* **What the task asks**: Give back the full listing verbatim, apart from its images.

* **Material provided**:
=======

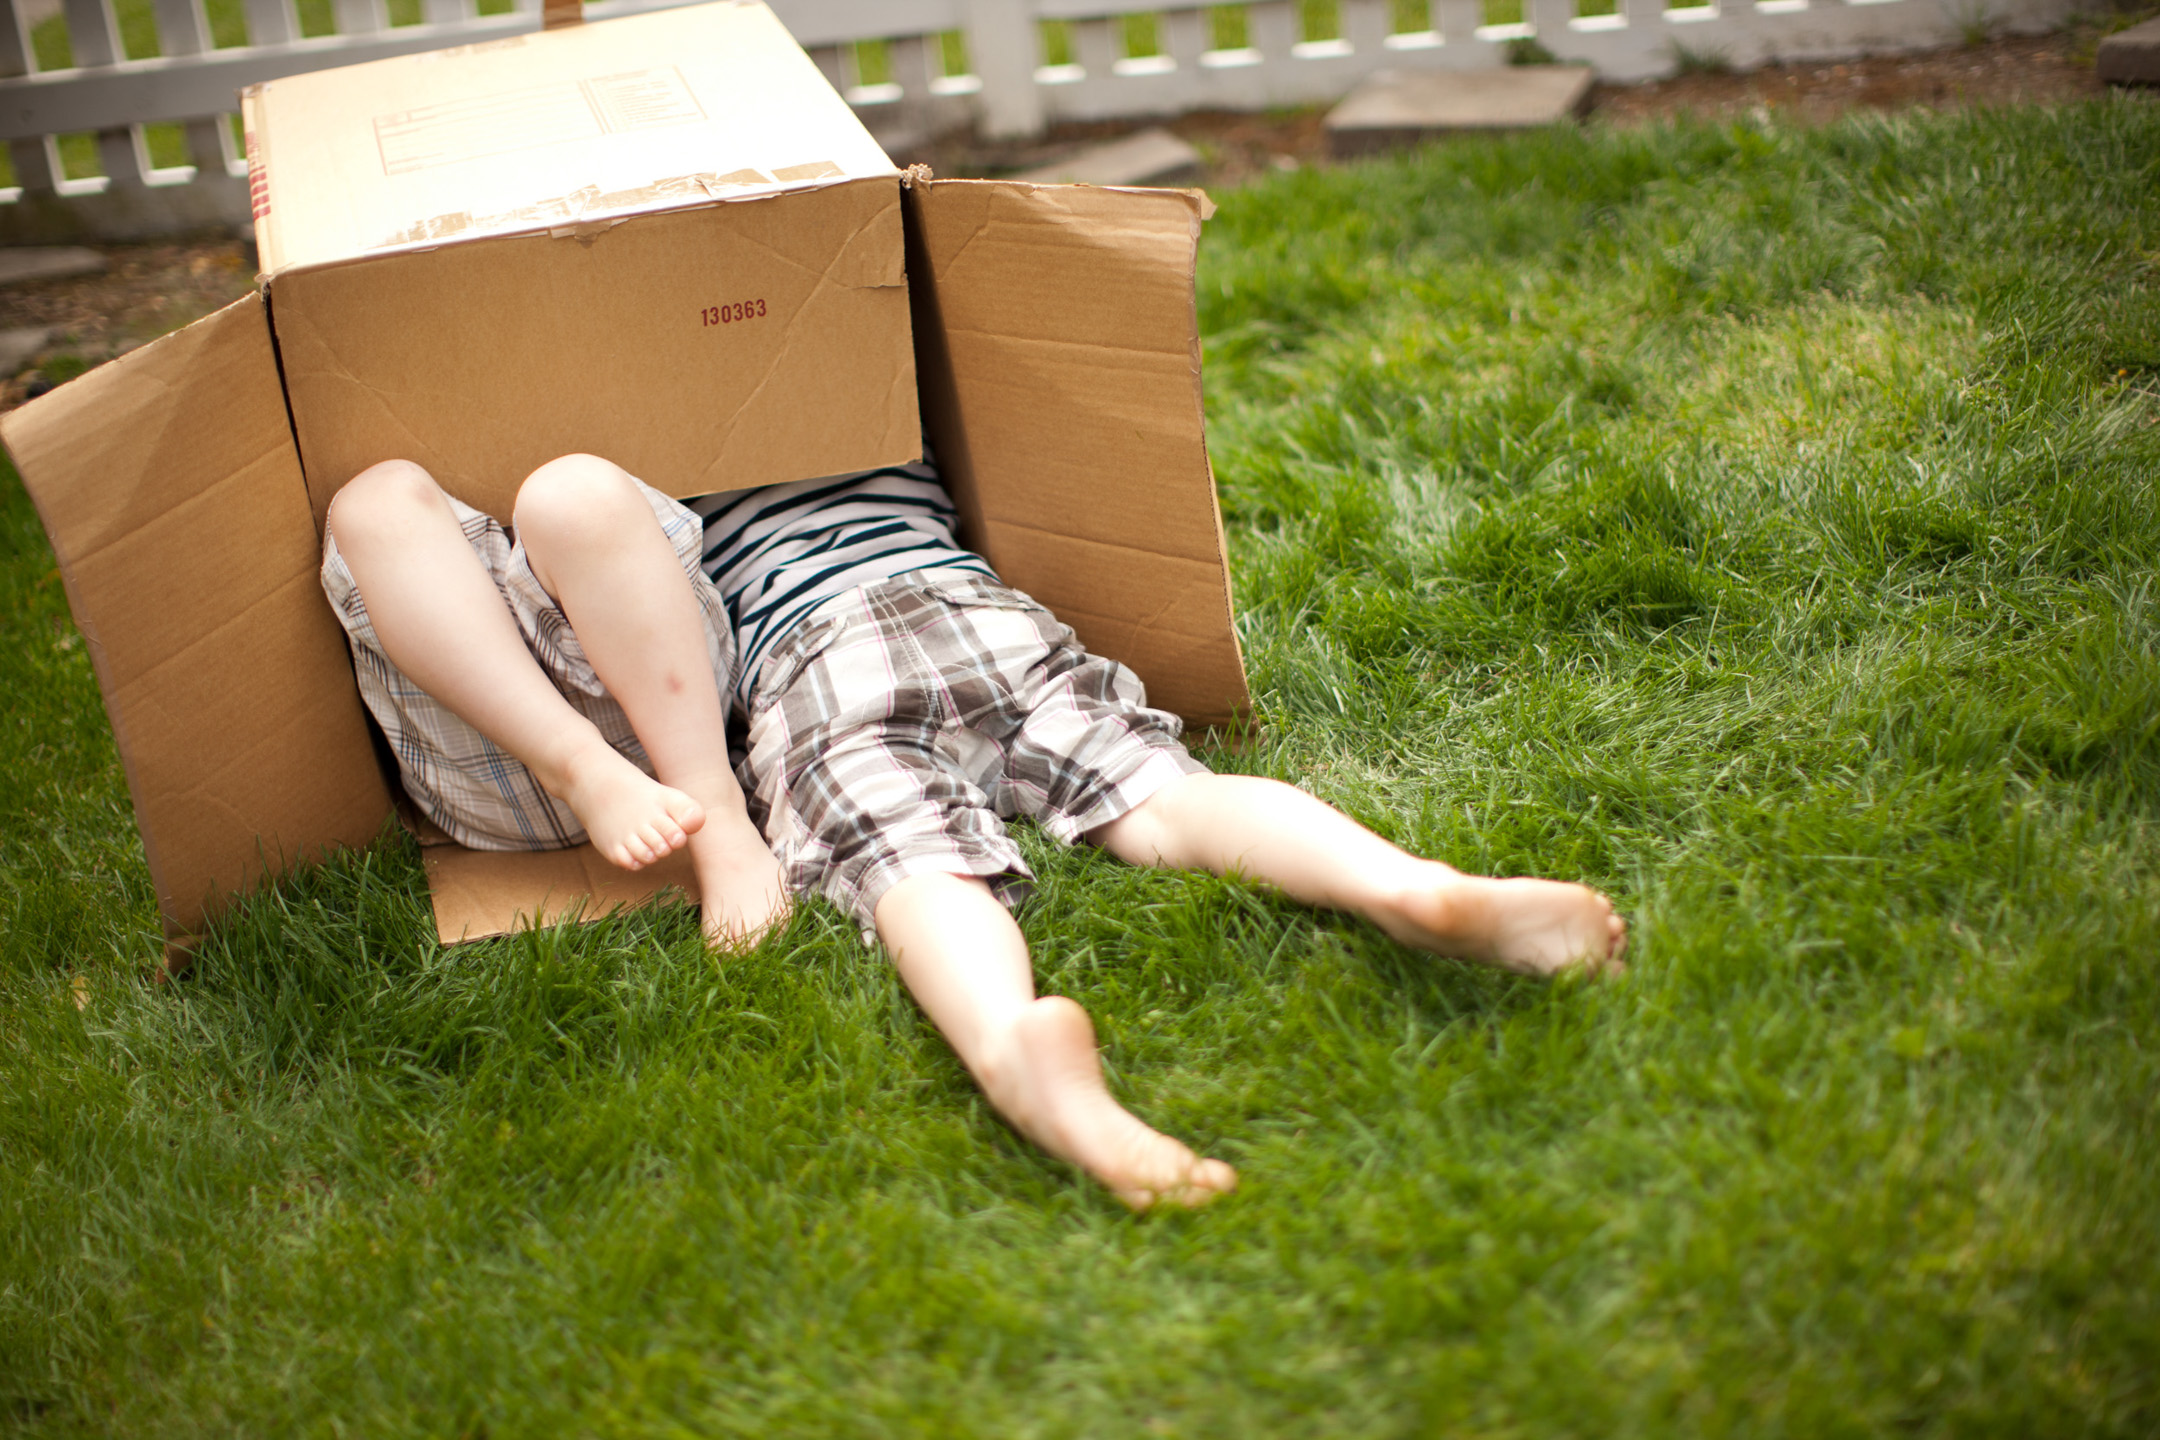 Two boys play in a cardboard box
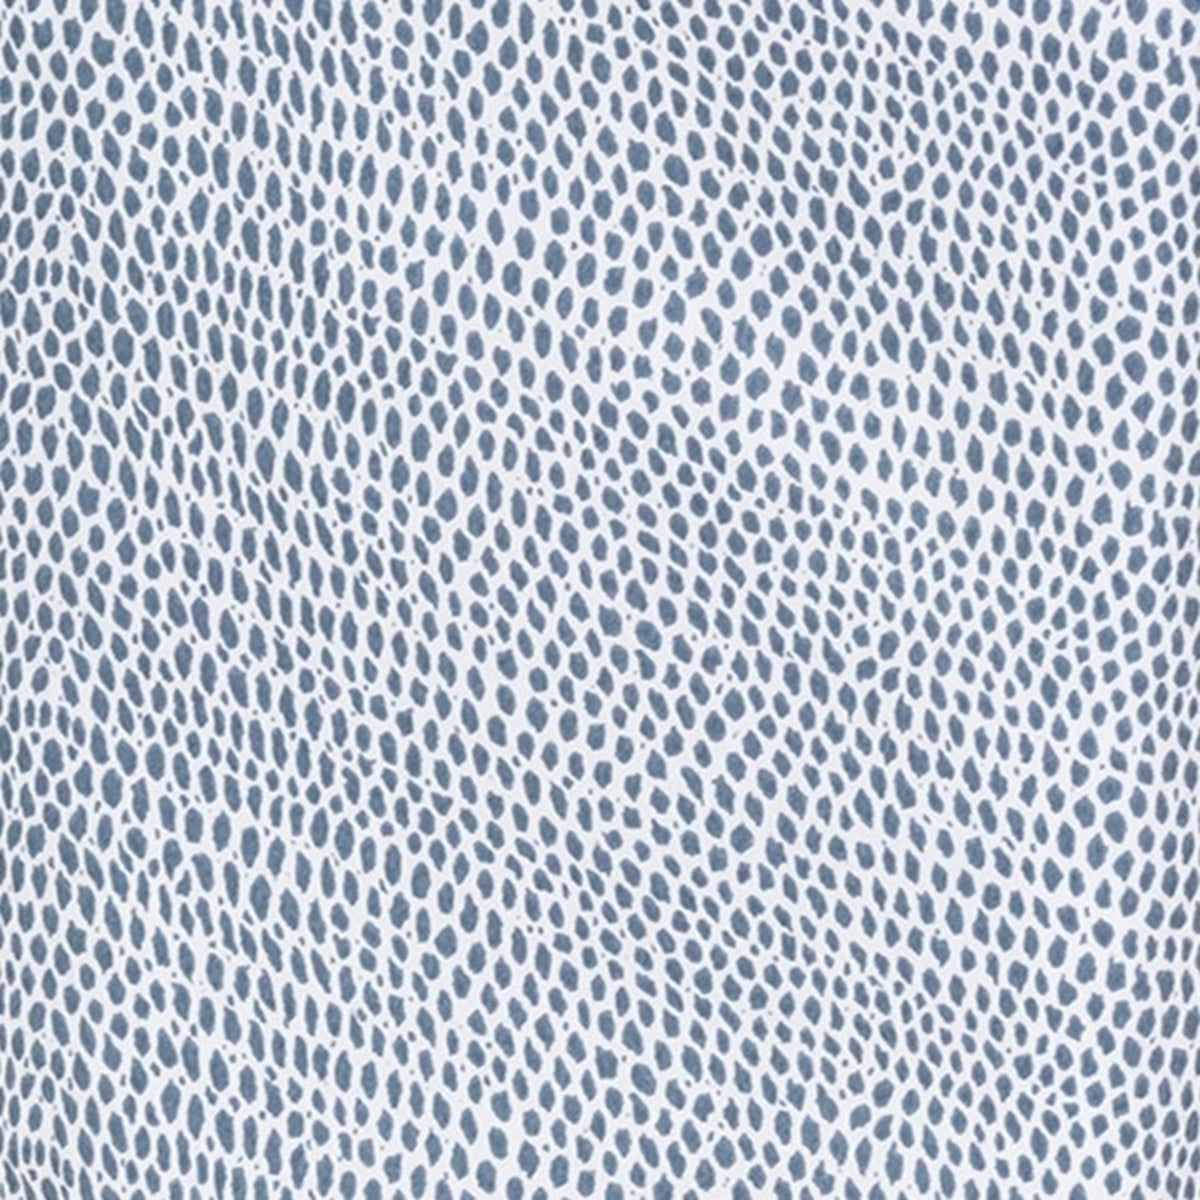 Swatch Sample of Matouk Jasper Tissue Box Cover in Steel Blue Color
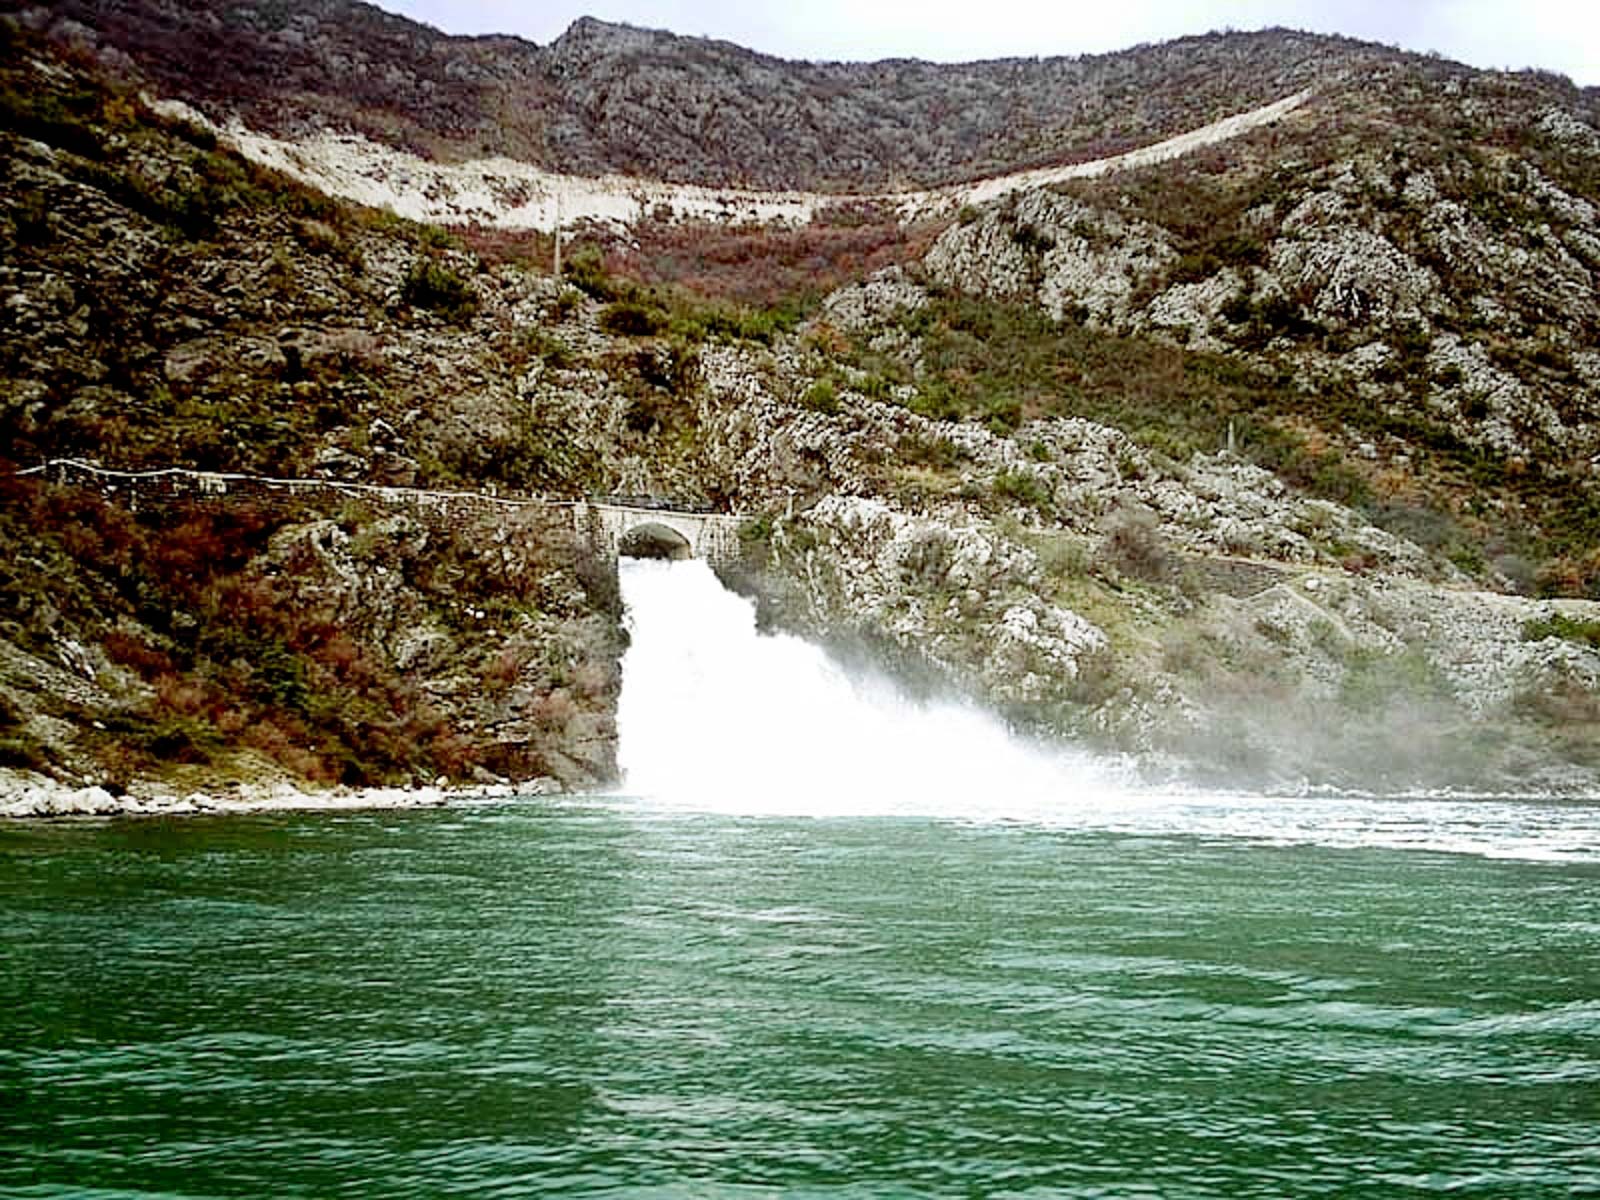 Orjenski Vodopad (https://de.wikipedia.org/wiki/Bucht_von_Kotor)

=======

* **Expected output**:
 Two boys play in a cardboard box
 Swatch Sample of Matouk Jasper Tissue Box Cover in Steel Blue Color
 Orjenski Vodopad (https://de.wikipedia.org/wiki/Bucht_von_Kotor)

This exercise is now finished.